Obligation of Confidentiality.  Piancone acknowledges that a confidential relationship exists between Piancone and Avasoft by virtue of the relationship contemplated by this Agreement.  Piancone acknowledges and agrees that all Avasoft Information is confidential and proprietary to Avasoft.  Piancone agrees to hold all Avasoft Information in strict confidence and agrees not to disclose any such information to others or use such information in any way, commercially or otherwise, either before or after the termination or expiration of this Agreement, without the prior written consent of the Avasoft.  Piancone further agrees to take all action necessary to protect the confidentiality and proprietary nature of Avasoft Information, and to prevent the unauthorized use for copying of such information.  Upon the expiration or termination of this Agreement, Piancone shall return all written, recorded or machine readable Avasoft Information and all copies thereof to Avasoft.  Avasoft's obligations under this Section 9.1 shall survive this Agreement for as long as is legally permissible under the laws of the Territory or the laws of the State of California, whichever is longer in duration.  Piancone shall take all reasonable steps to prevent its employers and all other persons from disclosing any Avasoft Information to third parties.
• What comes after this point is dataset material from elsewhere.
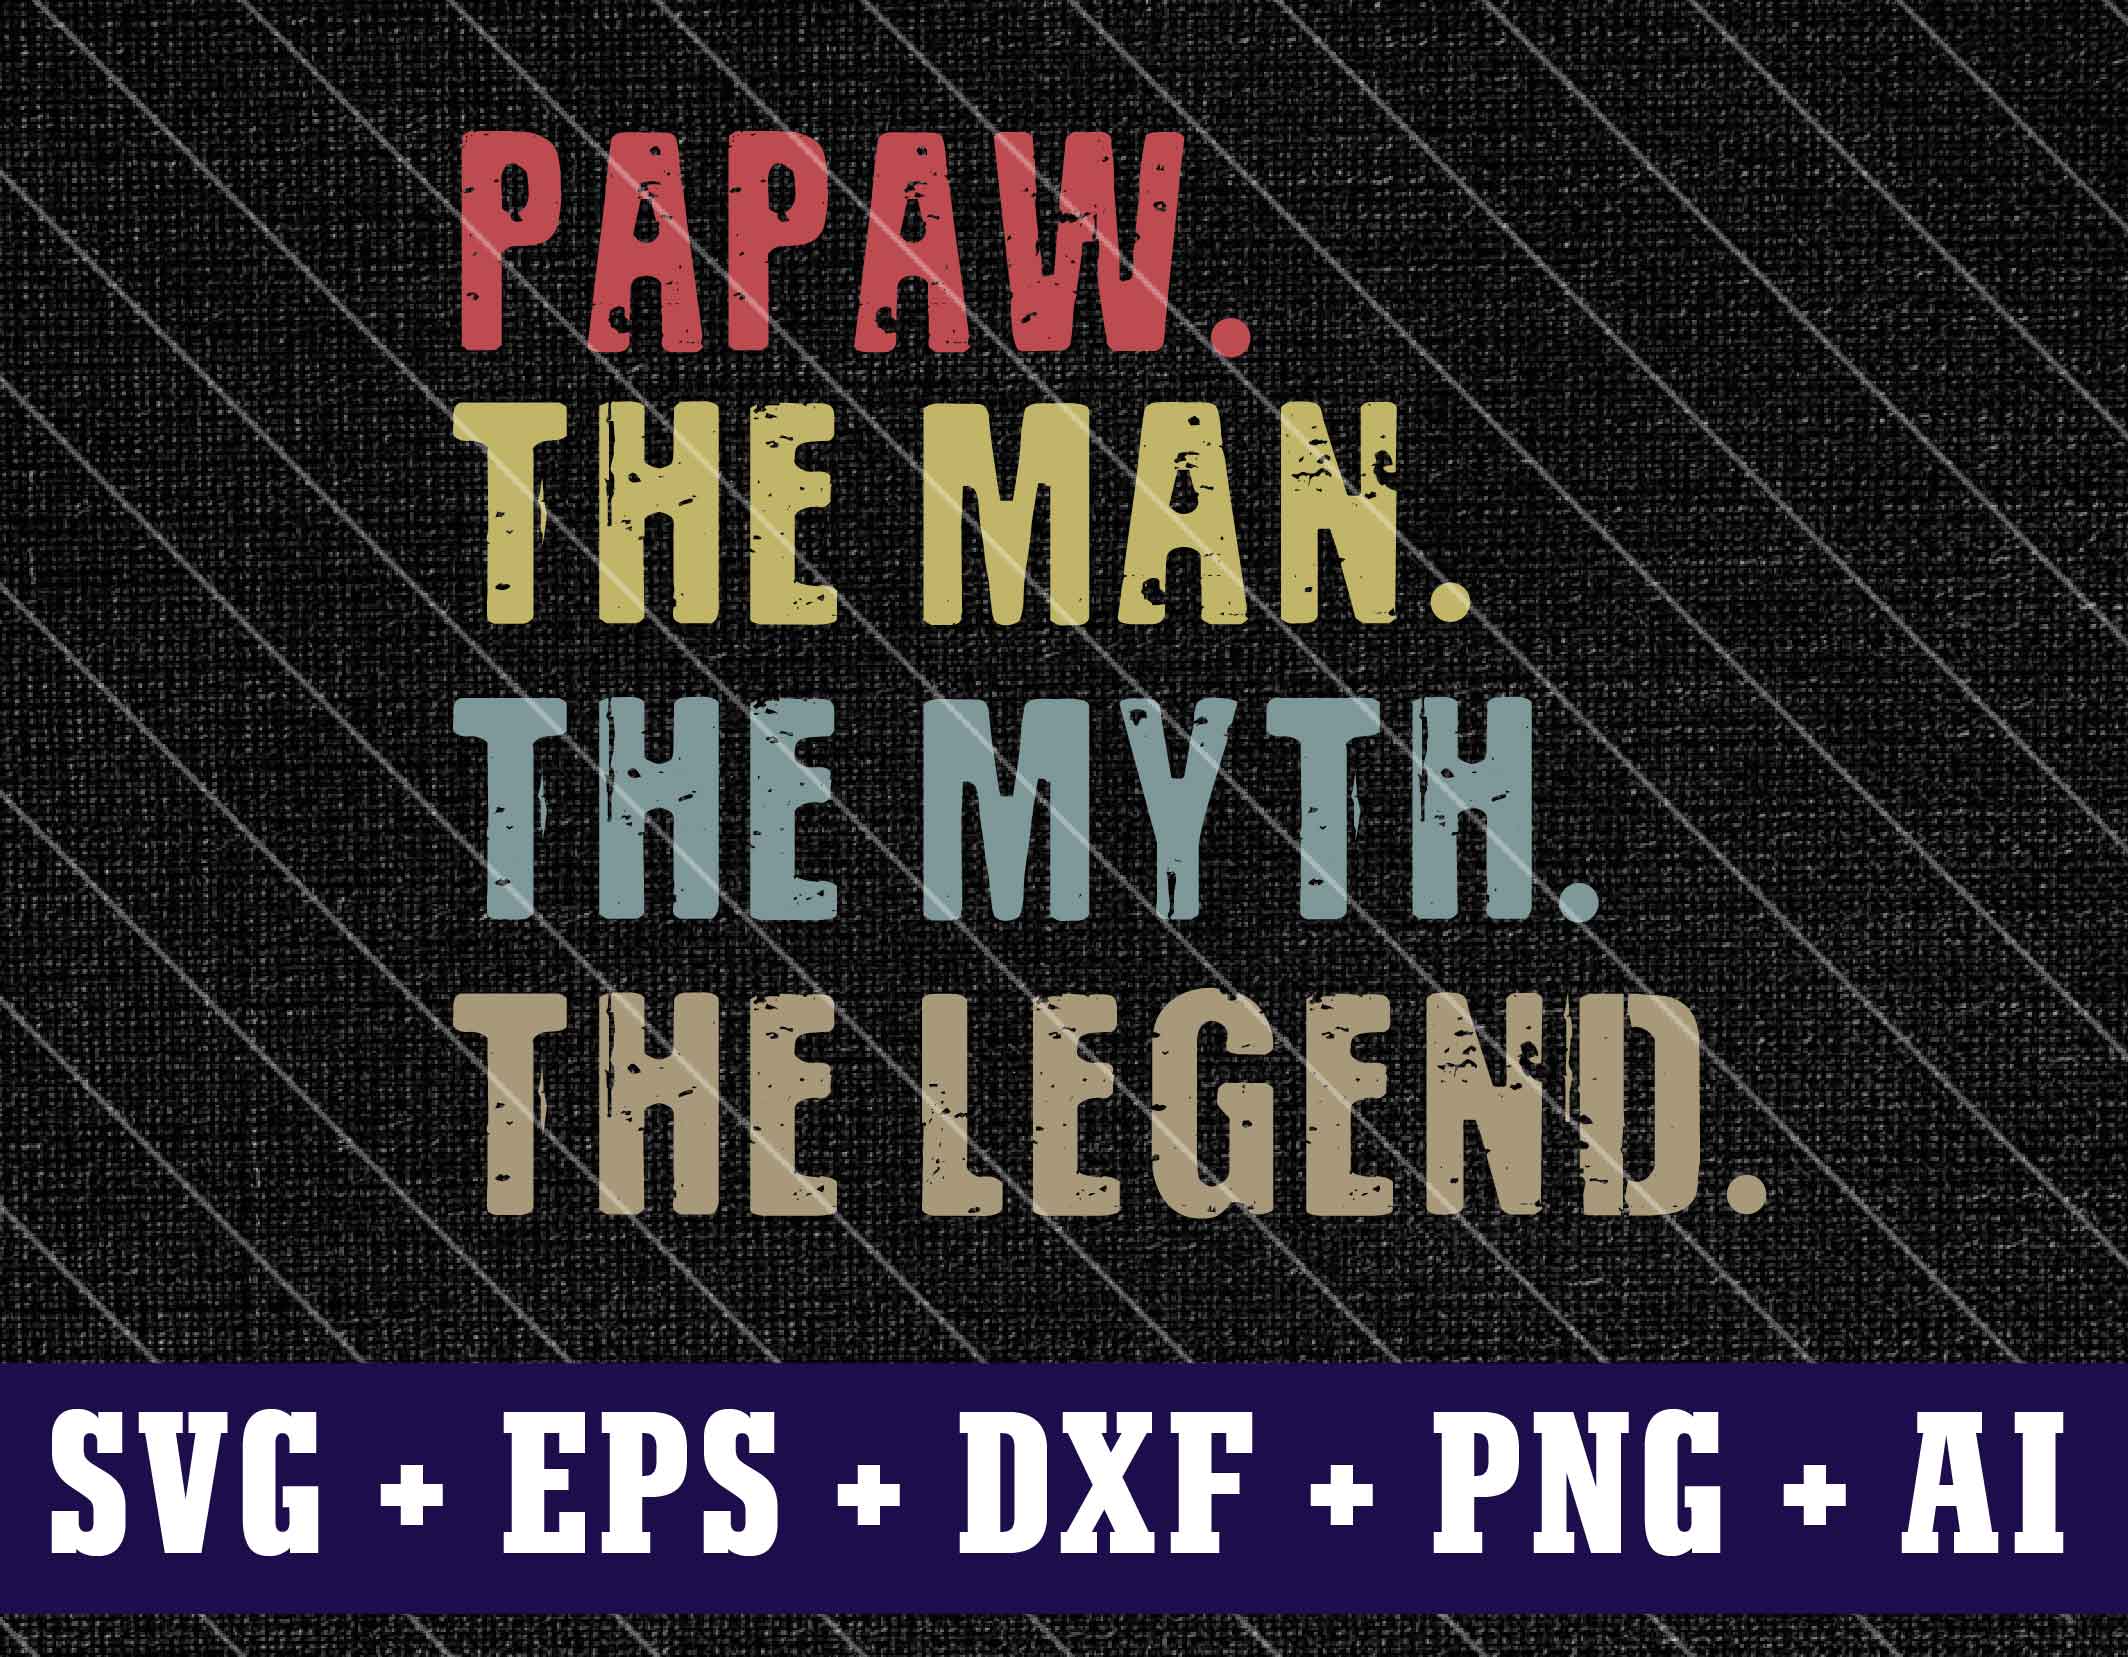 c722 01 Daddy SvG, Papaw The Man The Myth The Legend SvG, Father, Grandfather, Distressed, Vintage, Vector, Shirt Design, Cricut, Instant Download

Avasoft acknowledges that a confidential relationship exists between Avasoft and Piancone by virtue of the relationship contemplated by this Agreement.  Avasoft acknowledges and agrees that all Piancone Information is confidential and proprietary to Piancone.  Avasoft agrees to hold all Piancone Information in strict confidence and agrees not to disclose any such information to others or use such information in any way, commercially or otherwise, either before or after the termination or expiration of this Agreement, without the prior written consent of the Piancone.  Avasoft further agrees to take all action necessary to protect the confidentiality and proprietary nature of Piancone Information, and to prevent the unauthorized use for copying of such information.  Upon the expiration or termination of this Agreement, Avasoft shall return all written, recorded or machine readable Piancone Information and all copies thereof to Piancone.  Piancone's obligations under this Section 9.1 shall survive this Agreement for as long as is legally permissible under the laws of the Territory or the laws of the State of California, whichever is longer in duration.  Avasoft shall take all reasonable steps to prevent its employers and all other persons from disclosing any Piancone Information to third parties.


9.2

Exceptions to Obligation of Confidentiality.  The obligations of the parties as set forth in Section 9.1 hereof shall not apply to information which (i) at or prior to the time of disclosure or thereafter was or becomes publicly available through no fault of the acquiring party; (ii) was rightfully acquired, as evidenced in writing from a third party subsequent to disclosure who was not, to the knowledge of the acquiring party, in breach of a confidential relationship to Avasoft or Piancone; (iii) was legally in possession of the information of the acquiring party prior to the time of the disclosure as evidenced in the writing, or (iv) is required to be disclosed by law or any binding judgment, order or requirement of any court or other competent authority.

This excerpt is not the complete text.